I have debugged this using Delphi 2009 on Windows XP 64, and the root cause for the missing accelerators seems to be that Windows sends WM_DRAWITEM messages with the ODS_NOACCEL flag set, which it shouldn't if the system is set to show accelerators at all times. So you could say that it is not a VCL bug, but a Windows problem which the VCL does not work around.

However, you can work around it in your own code, you just need to reset the flag before passing the message to the VCL. Override the window proc

protected
  procedure WndProc(var Message: TMessage); override;

like so:

procedure TYourForm.WndProc(var Message: TMessage);
const
  ODS_NOACCEL = $100;
var
  pDIS: PDrawItemStruct;
  ShowAccel: BOOL;
begin
  if (Message.Msg = WM_DRAWITEM) then begin
    pDIS := PDrawItemStruct(Message.LParam);
    if (pDIS^.CtlType = ODT_MENU)
      and SystemParametersInfo(SPI_GETKEYBOARDCUES, 0, @ShowAccel, 0)
    then begin
      if ShowAccel then
        pDIS^.itemState := pDIS^.itemState and not ODS_NOACCEL;
    end;
  end;
  inherited;
end;

This is demonstration code only, you should not call SystemParametersInfo() every time a WM_DRAWITEM message is received, but once at program start, and then every time your program receives a WM_SETTINGCHANGE message.

mghie
I'm on Windows XP as well. After these answers and my thinking on this, and your help, I do agree it may be a bug in the VCL. I'll report it.
lkessler
Reported as a bug to Embarcadero: http://qc.codegear.com/wc/qcmain.aspx?d=68816
lkessler
BTW, I get the same behaviour with Delphi 2007.
mghie
Mghie: Thank you for your further research into this matter (a whole year later!!) and finding this. I've updated the bug report at Embarcadero with your information. Wish I could give you ++++++++++1
lkessler
Probably calling SystemParametersInfo() at program startup would be good enough 99% of the time.
lkessler
+4  A: 

It is a "feature" introduced with Windows 2000:

The Old New Thing: Why does Windows hide keyboard accelerators and focus rectangles by default?

It would appear that Delphi 4 didn't support this Windows feature.

To have 2000 and XP menus show accelerator keys, right-click an empty spot on the desktop, choose Properties, click the Appearance tab, and under Effects, uncheck Hide Underlined Letters for Keyboard Navigation until I Press the Alt Key. Click OK twice.

Not sure how to do it in Vista.

Jim McKeeth
I thought you had the answer. But unfortunately when I looked at that "Hide Underlined Letters" option (I'd never known about it before), I found it to be unchecked.
lkessler
What OS? Your screen shots look like XP. I just tried it on XP and it works (uncheck the option and the accelerator key underlines show up.) Maybe you need to reboot.
Jim McKeeth
A: 

As Jim McKeeth noted above (correctly), this is "by design" behavior. If the menus are triggered through keyboard action the accelerators should be shown, but if triggered by the mouse the accelerators are intentionally not shown.
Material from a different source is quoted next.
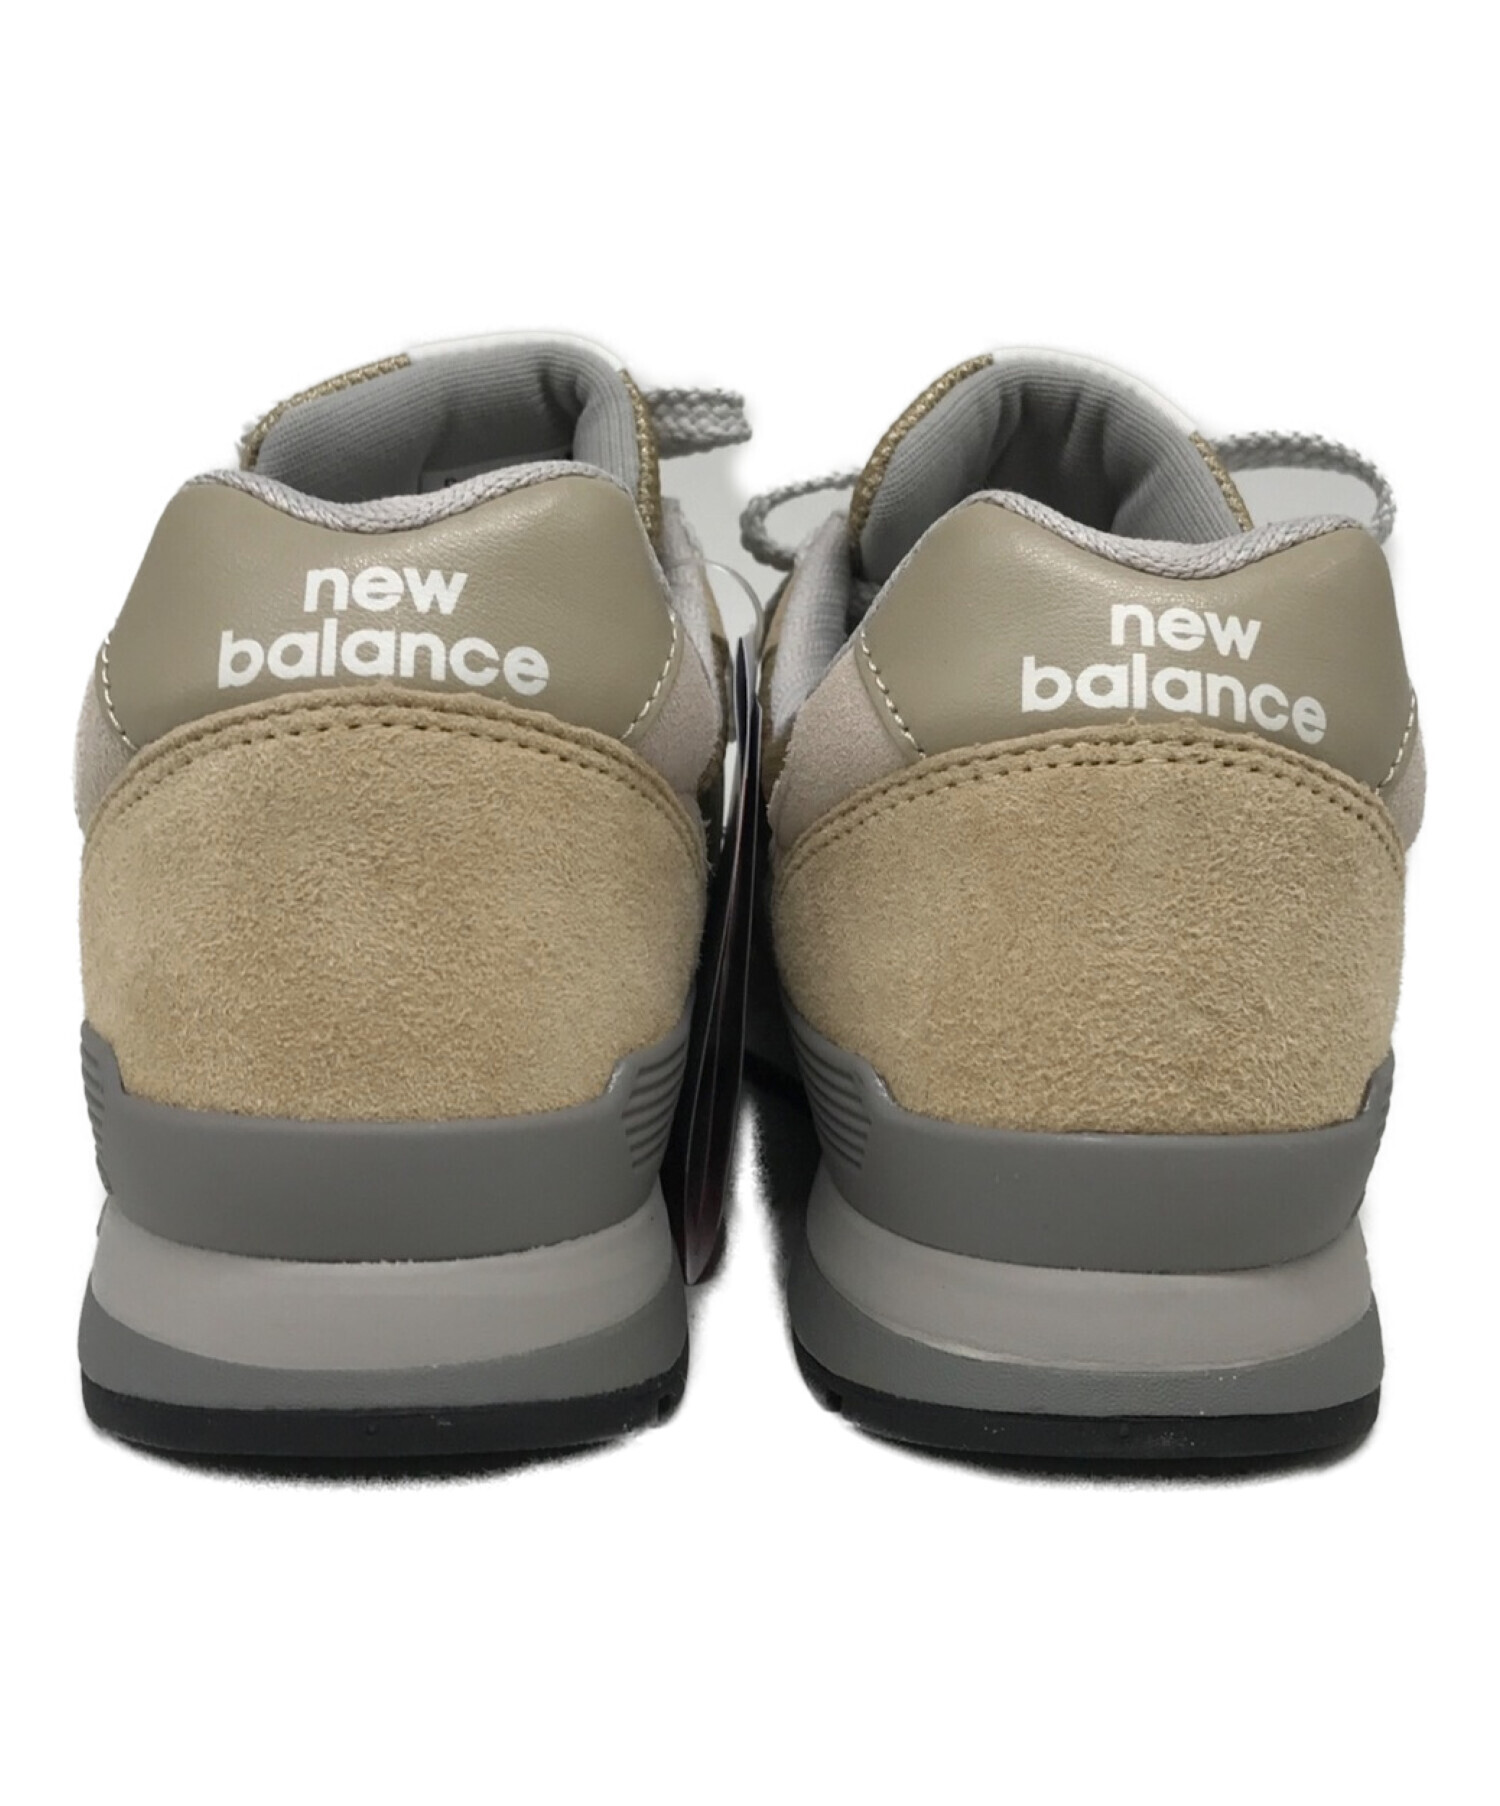 NEW BALANCE (ニューバランス) スニーカー / CM996SHT ベージュ サイズ:26cm 未使用品
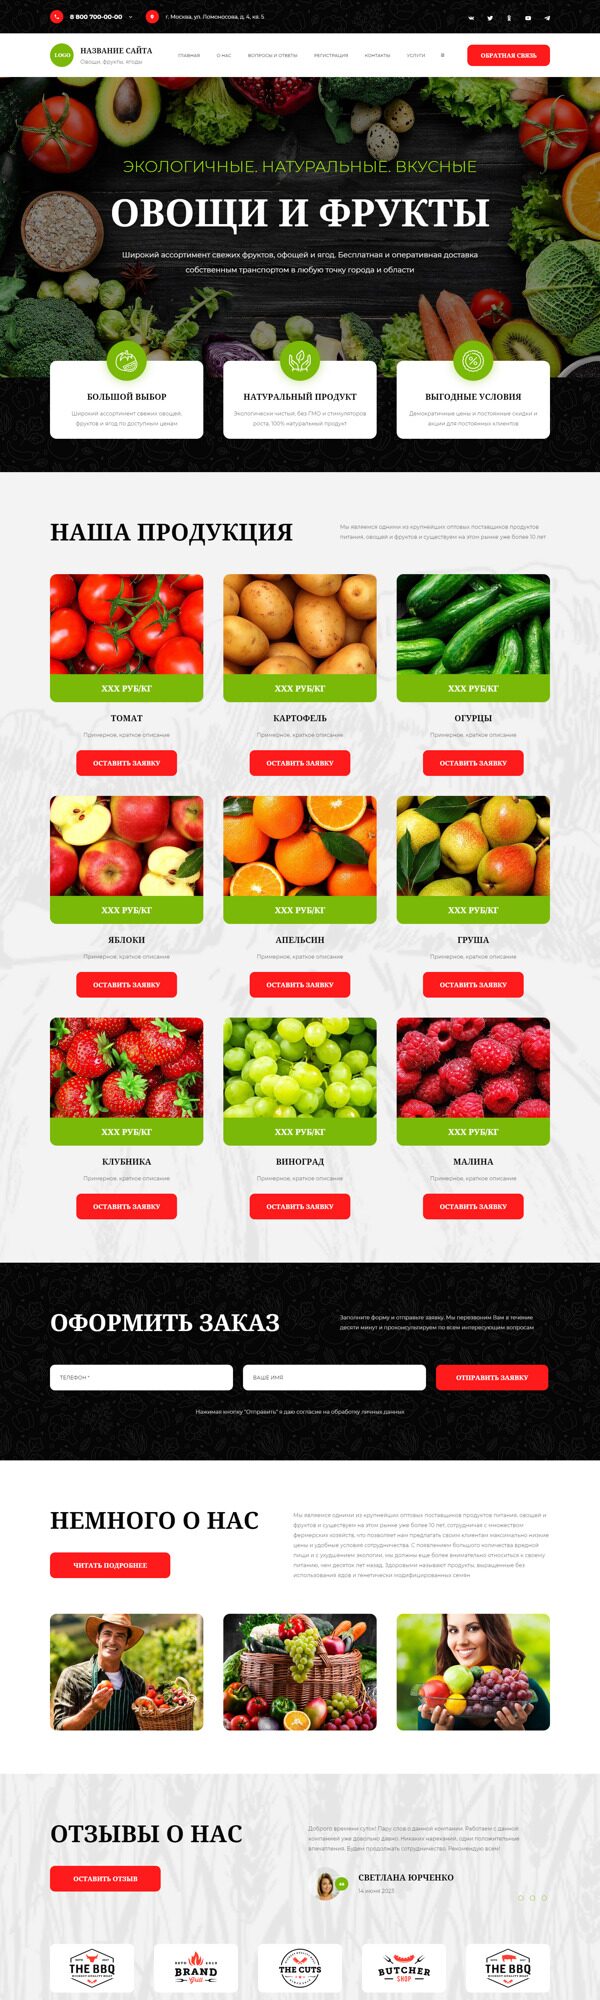 Готовый Сайт-Бизнес № 5439714 - Овощи, фрукты, ягоды (Десктопная версия)

I have my XP configured to show accelerators at all times, but a quick test with that option changed confirms that the menus should not show underlines either (Visual Studio responded as I expected, no underlines when using the mouse). However, Microsoft Office ignores this setting and always shows the underlines. So it looks like a bug in how the menus are drawn in Delphi (I don't have any experience with Delphi myself).

I found the option for Vista as well: http://www.vistax64.com/vista-general/42125-always-show-menu-underline-keyboard-accelerators.html

You can turn this on in the new Ease of Access Center (go to Control Panel, click Ease of Access and then click Ease of Access Center). In the Ease of Access Center, click Make the keyboard easier to use, and at the very bottom select the Underline keyboard shortcuts and access keys check box.

While doing further research I found this related bug on Delphi forums: http://qc.codegear.com/wc/qcmain.aspx?d=37403

It looks like in your case the child windows (the drawn menus) aren't getting or aren't handling WM_UIUPDATESTATE message from their parent window, which is what causes the redraw with accelerators.

Step
"It looks like in your case the child windows (the drawn menus) aren't getting or aren't handling WM_UIUPDATESTATE message from their parent window, which is what causes the redraw with accelerators" - Exactly! That's the Bug!